![]() |
|---|
A privacy-focused speech-to-text keyboard(IME) for Android. Speech recognition runs entirely on-device - no internet needed after the initial model download, no account, no data leaving your phone.
It uses NVIDIA's Parakeet-TDT v3 automatic speech recognition model, quantized to INT8 and run via ONNX Runtime for efficient on-device inference. Voice activity detection uses Silero VAD v4 (also ONNX, also fully on-device) to suppress silence before it ever reaches the ASR model.
![]() |
![]() |
![]() |
|---|---|---|
![]() |
![]() |
- Fully offline after setup - audio is never transmitted anywhere
- Real-time transcription - progressive partial results while you speak
- Works in any app - injects text via Android's standard
InputConnectionAPI - Parakeet-TDT 0.6B v3 - INT8 quantized, ~700 MB, runs on mid-range hardware
- Voice Activity Detection - Silero VAD v4 neural network (ONNX) filters silence before it reaches the ASR model; falls back to energy-threshold VAD if the model can't load
- Configurable trigger modes - hold-to-talk or tap-to-toggle
- Word correction bar - optional suggestion bar that appears after dictation, offering up to 5 on-device correction candidates for the word under the cursor. Uses downloadable language packs (dictionary + bigram language model) for Dutch, English, French, German, Italian, Polish, and Spanish. Language packs are fetched on demand from minburg/outspoke-data — the only external source used at runtime besides the one-time ASR model download. All correction runs entirely on-device once files are downloaded; the feature is opt-in and off by default.

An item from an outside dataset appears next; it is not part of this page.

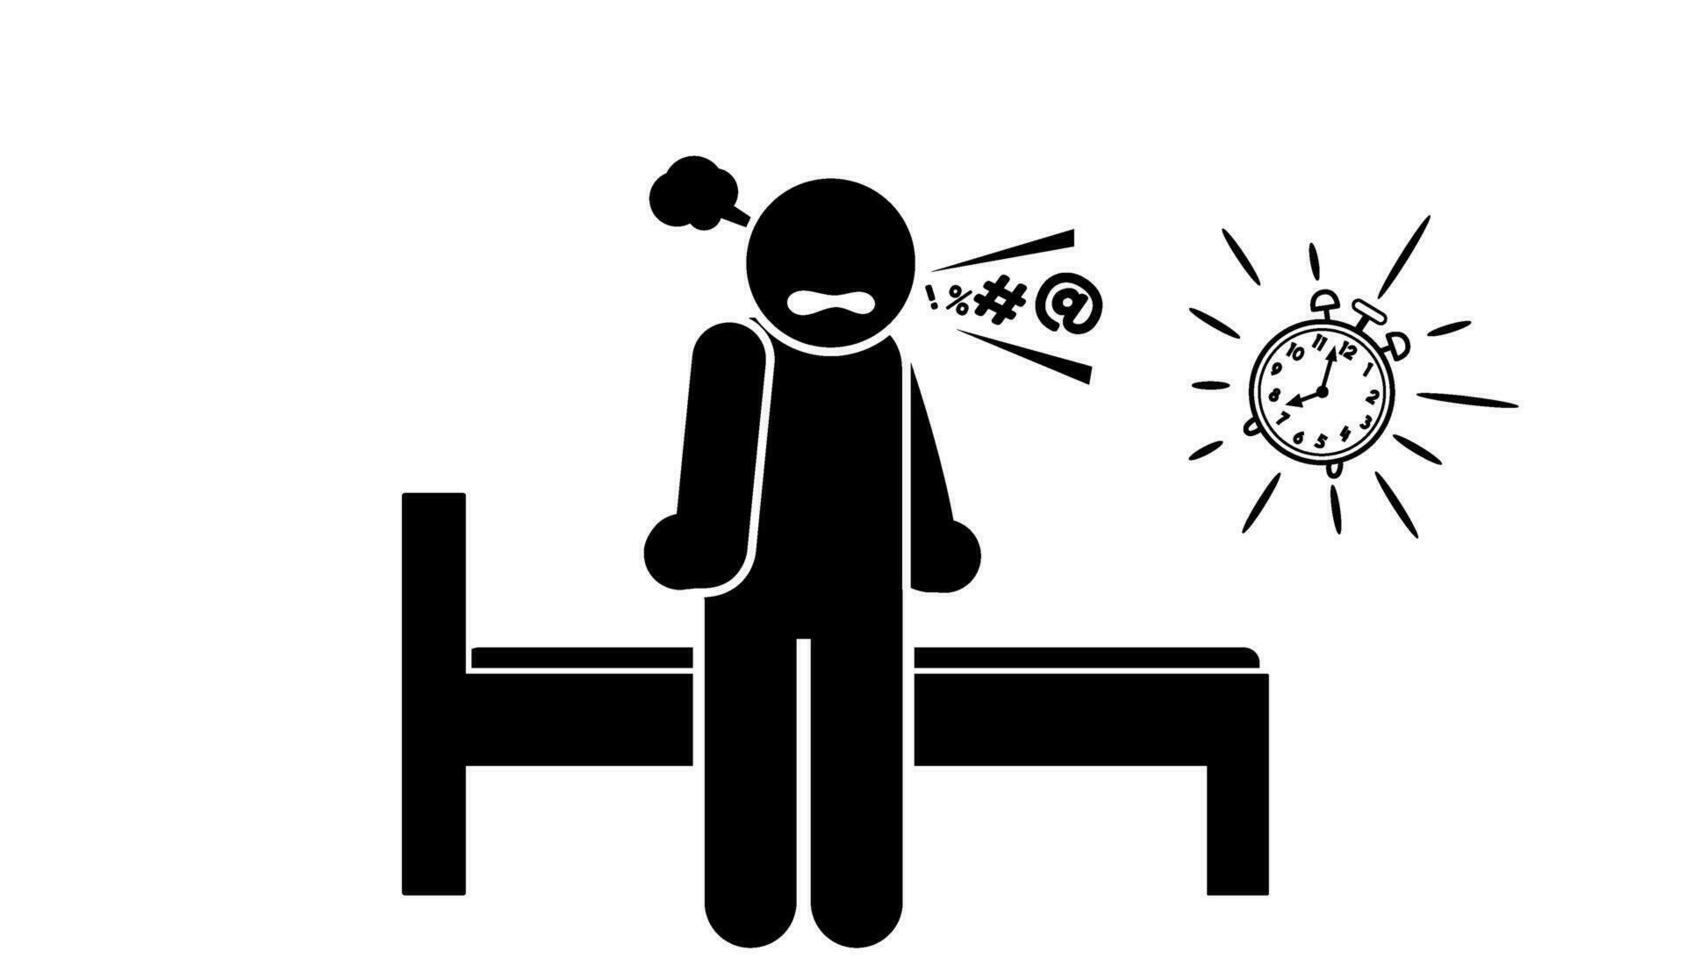 stick figure cartoon vector illustration frustrated, unhappy, unable to sleep due to insomnia

- No Google Play Services, no telemetry, no analytics
| Requirement | Minimum |
|---|---|
| Android version | 11 (API 30) |
| RAM | 4 GB recommended |
| Free storage | ~750 MB (for ASR model files) + up to ~8 MB per language for optional word-correction packs |
| Permissions | RECORD_AUDIO, INTERNET (model download only), POST_NOTIFICATIONS |
The
INTERNETpermission is used for the one-time ASR model download from Hugging Face, and optionally for downloading word-correction language packs (~8 MB per language, only if you enable the feature). After both are downloaded, the keyboard works fully offline.
- Install the APK from Releases or build from source (see below).
- Open the Outspoke app and follow the three setup steps:
- Enable Outspoke in System Settings → Keyboard / Input Methods
- Grant the microphone permission
- Download the model (~700 MB, Wi-Fi recommended)
- Switch to the Outspoke keyboard in any text field and tap the mic button.
Outspoke is structured as a clean layered pipeline. The SpeechEngine interface decouples all inference code from the service and audio layers - adding a new backend means implementing that one interface and nothing else.
┌─────────────────────────────────┐
│ Active App │
│ (Text Field) │
└──────────────┬──────────────────┘
│ InputConnection API
┌──────────────▼──────────────────┐
│ OutspokeInputMethodService │ ← Android IME service
│ (LifecycleOwner + Compose UI) │
│ ┌───────────────────────────┐ │
│ │ KeyboardViewModel │ │ ← UI state + capture lifecycle
│ └───────────────────────────┘ │
└──────────────┬──────────────────┘
│ binds to
┌──────────────▼──────────────────┐
│ InferenceService │ ← Foreground service (keeps engine alive)
│ ┌───────────────────────────┐ │
│ │ InferenceRepository │ │ ← Sliding-window buffer (30 s max)
│ │ ┌─────────────────────┐ │ │
│ │ │ SpeechEngine │ │ │ ← Interface (swap models here)
│ │ │ (ParakeetEngine) │ │ │
│ │ └─────────────────────┘ │ │
│ └───────────────────────────┘ │
└──────────────┬──────────────────┘
│ Flow<AudioChunk>
┌──────────────▼──────────────────┐
│ AudioCaptureManager │ ← 16 kHz / 16-bit / mono PCM
│ SileroVadFilter │ ← Neural VAD (Silero v4, ONNX)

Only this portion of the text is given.